[Directions]: Copy out and return the lines from the one holding "Difusor de Aromas" to the end of the listing below, both included, omitting the pictures.

[Data]:
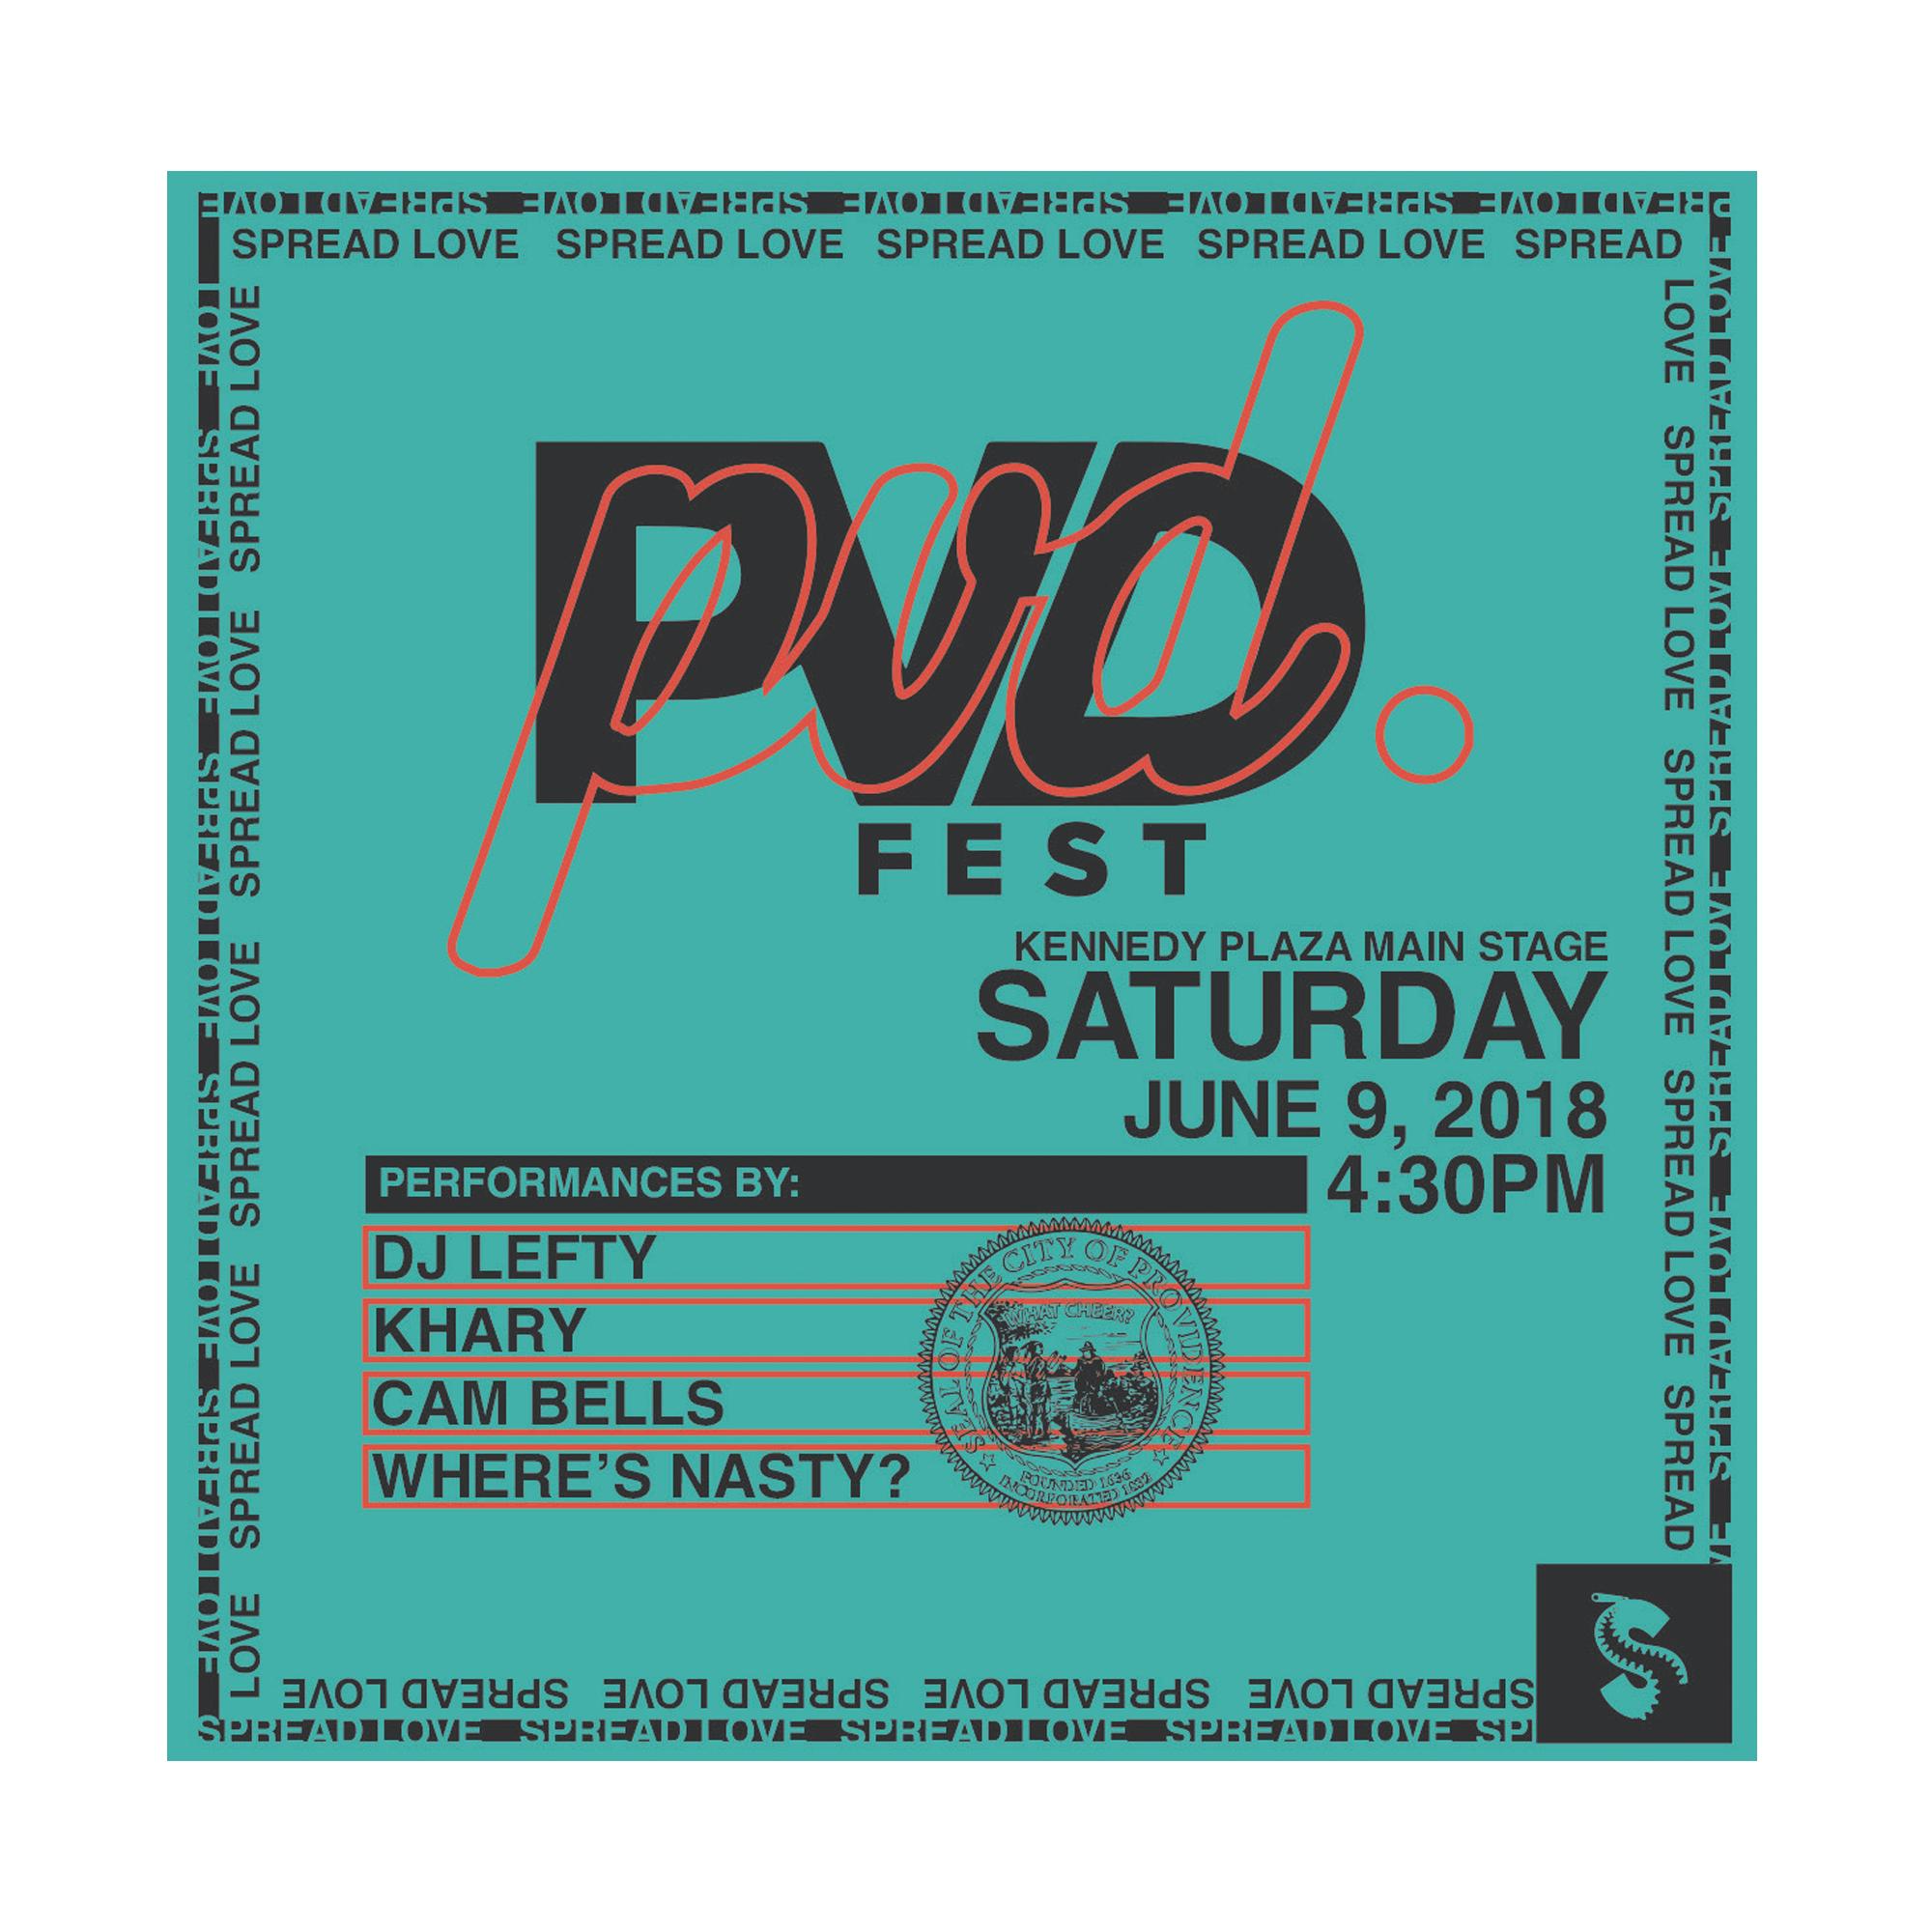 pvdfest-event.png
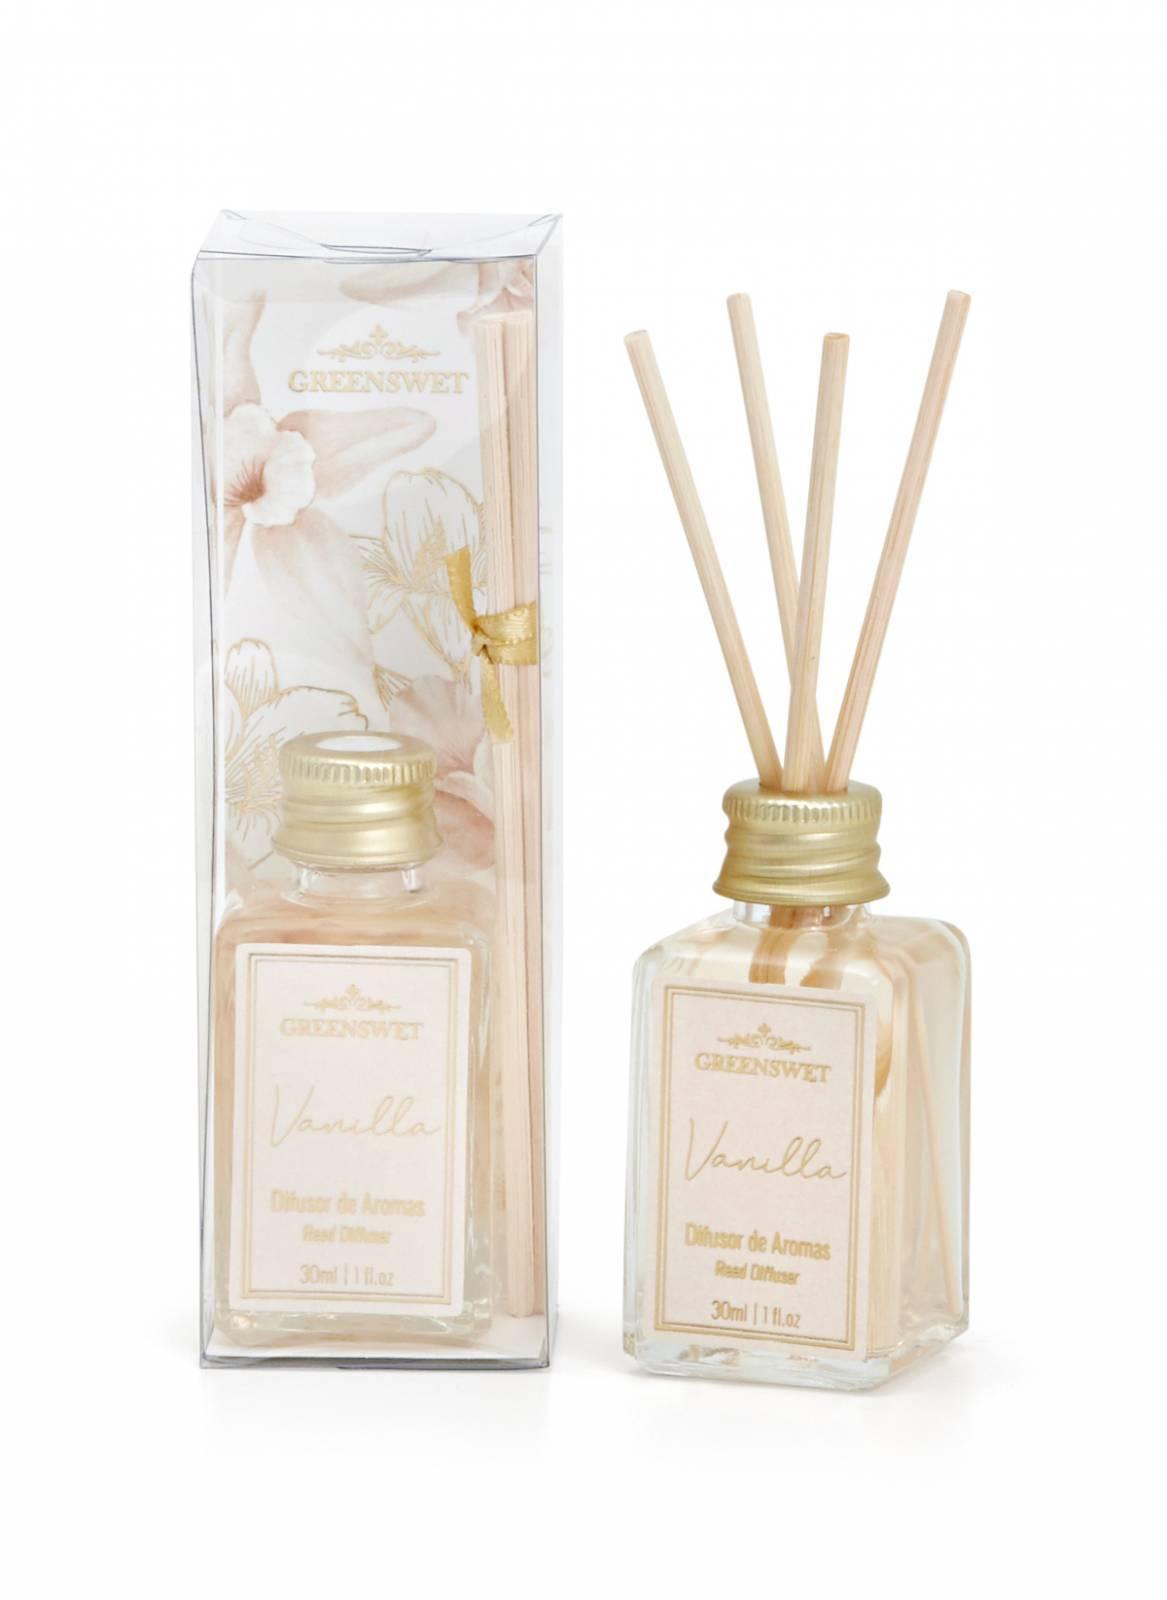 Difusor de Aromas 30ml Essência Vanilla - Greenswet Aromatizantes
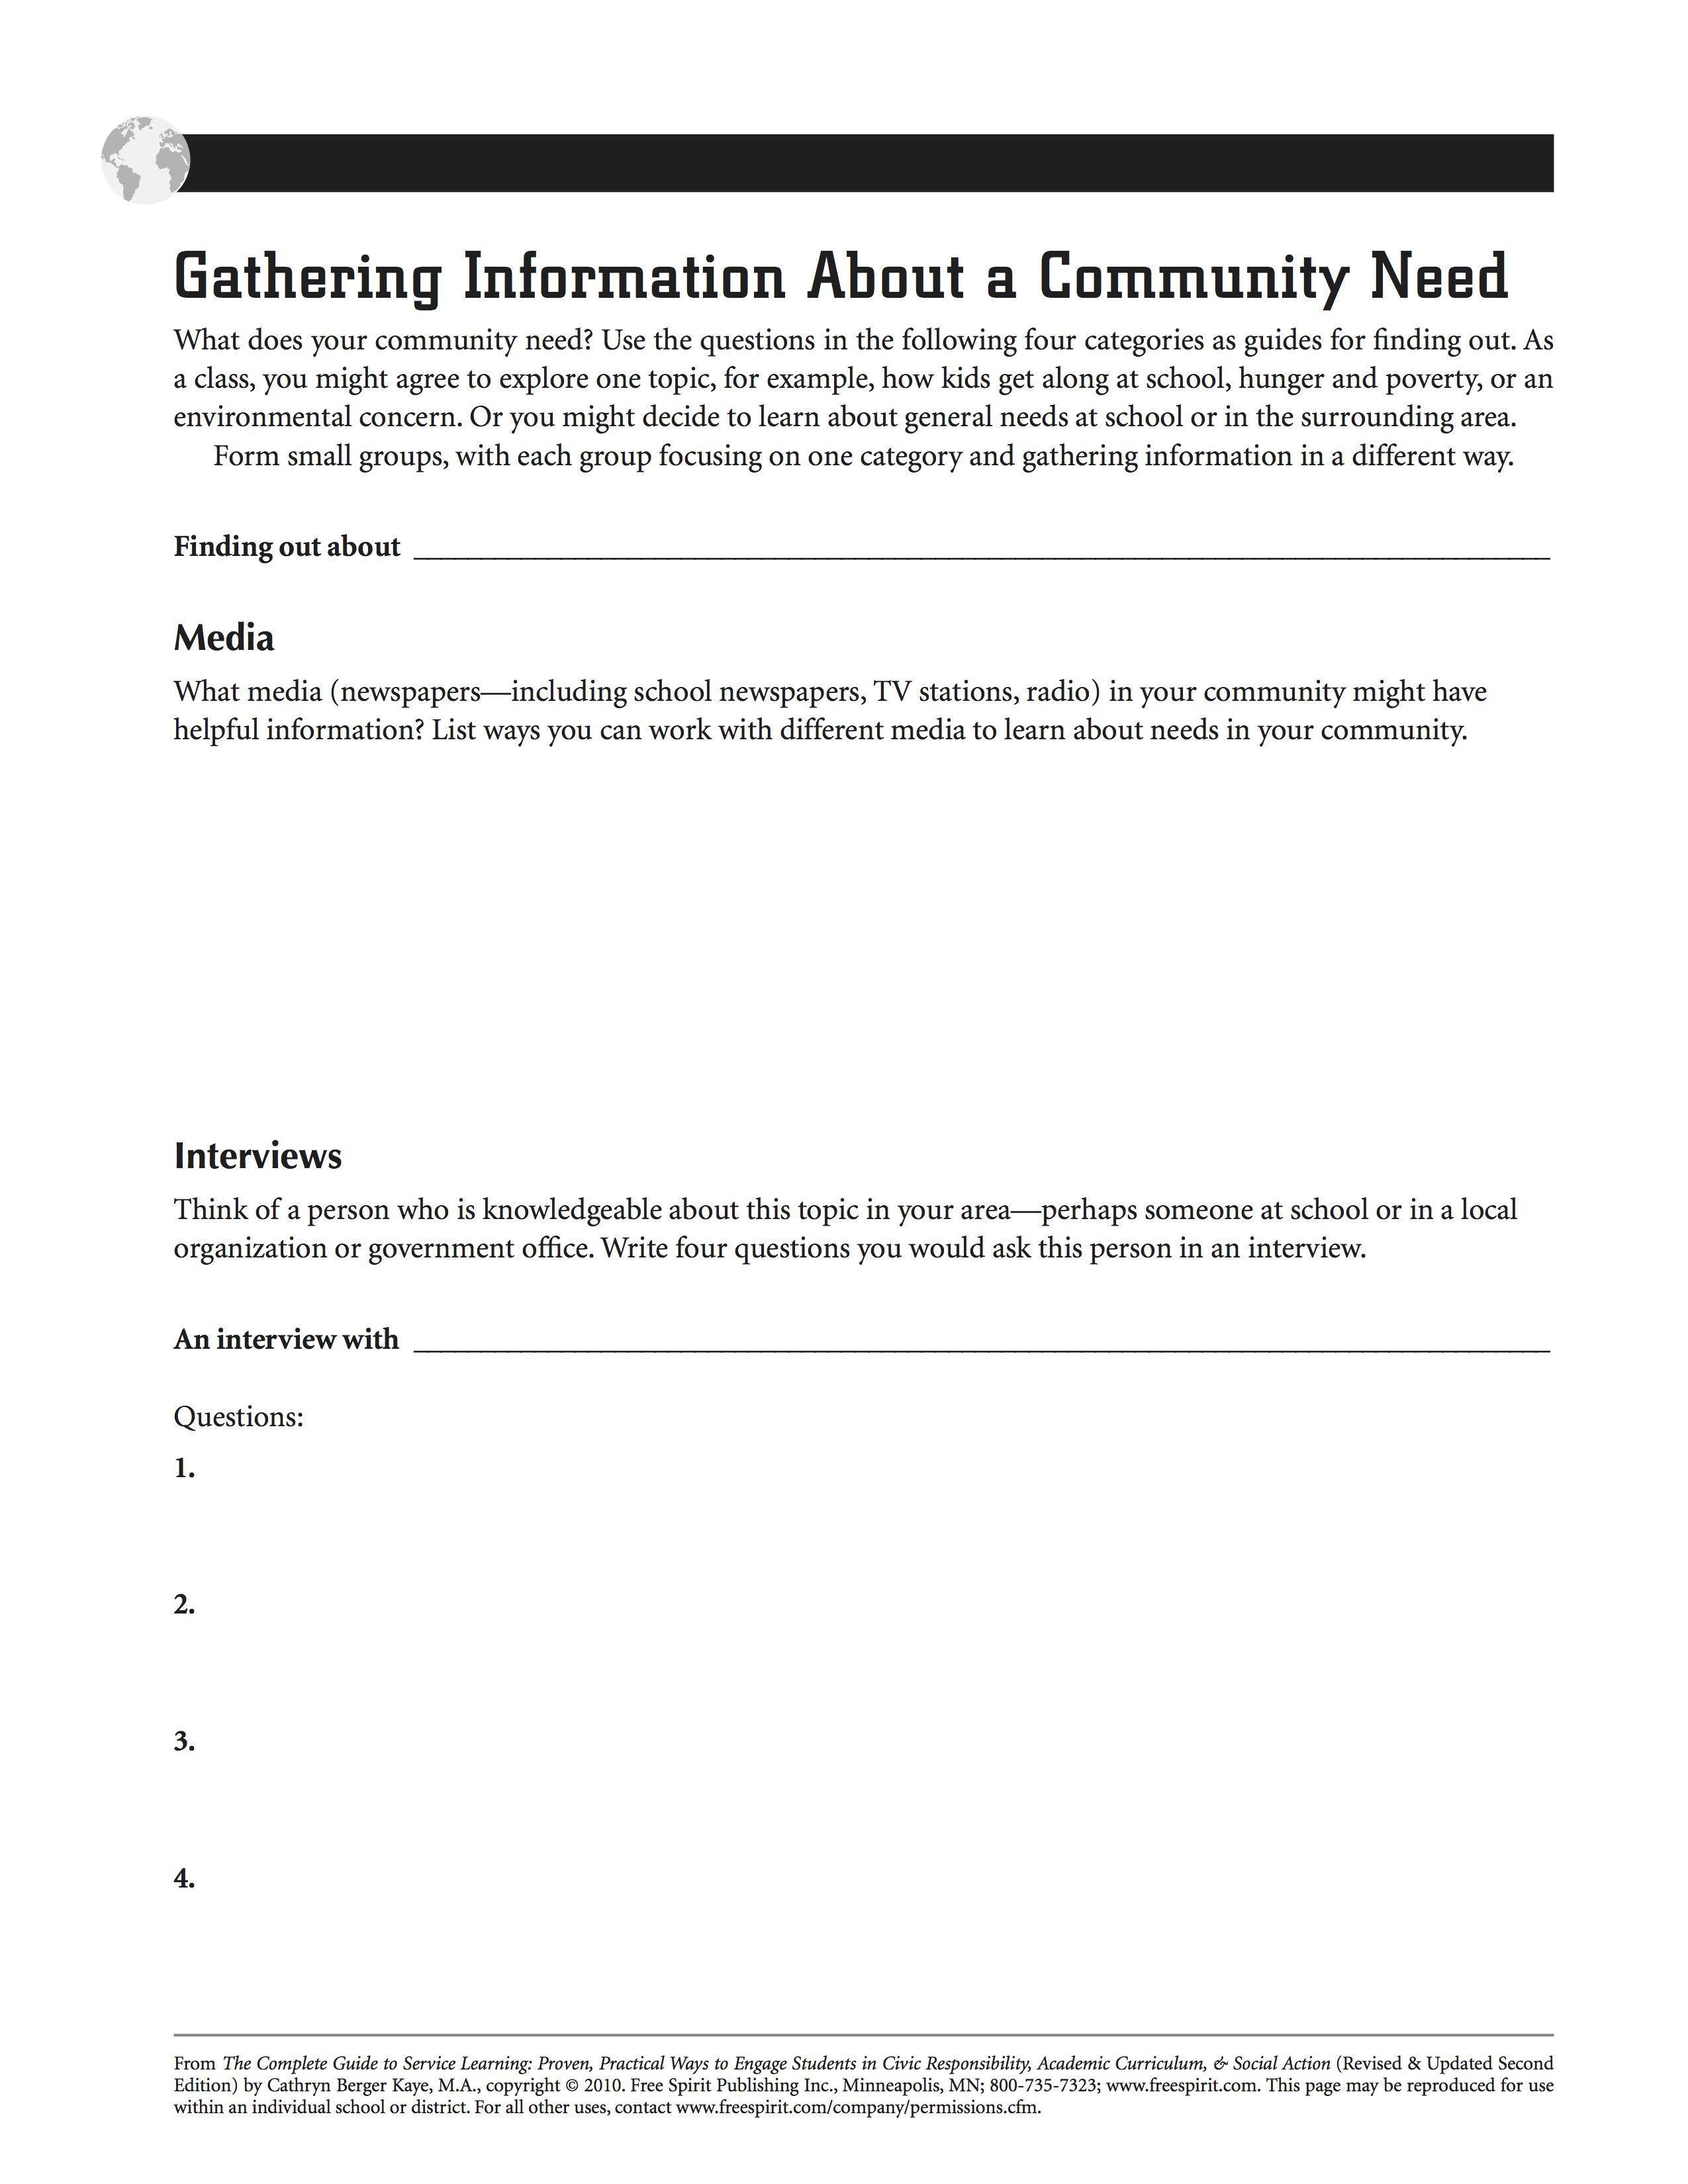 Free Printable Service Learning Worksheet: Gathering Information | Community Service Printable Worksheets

[Answer to the exercise]:
 Difusor de Aromas 30ml Essência Vanilla - Greenswet Aromatizantes
 Free Printable Service Learning Worksheet: Gathering Information | Community Service Printable Worksheets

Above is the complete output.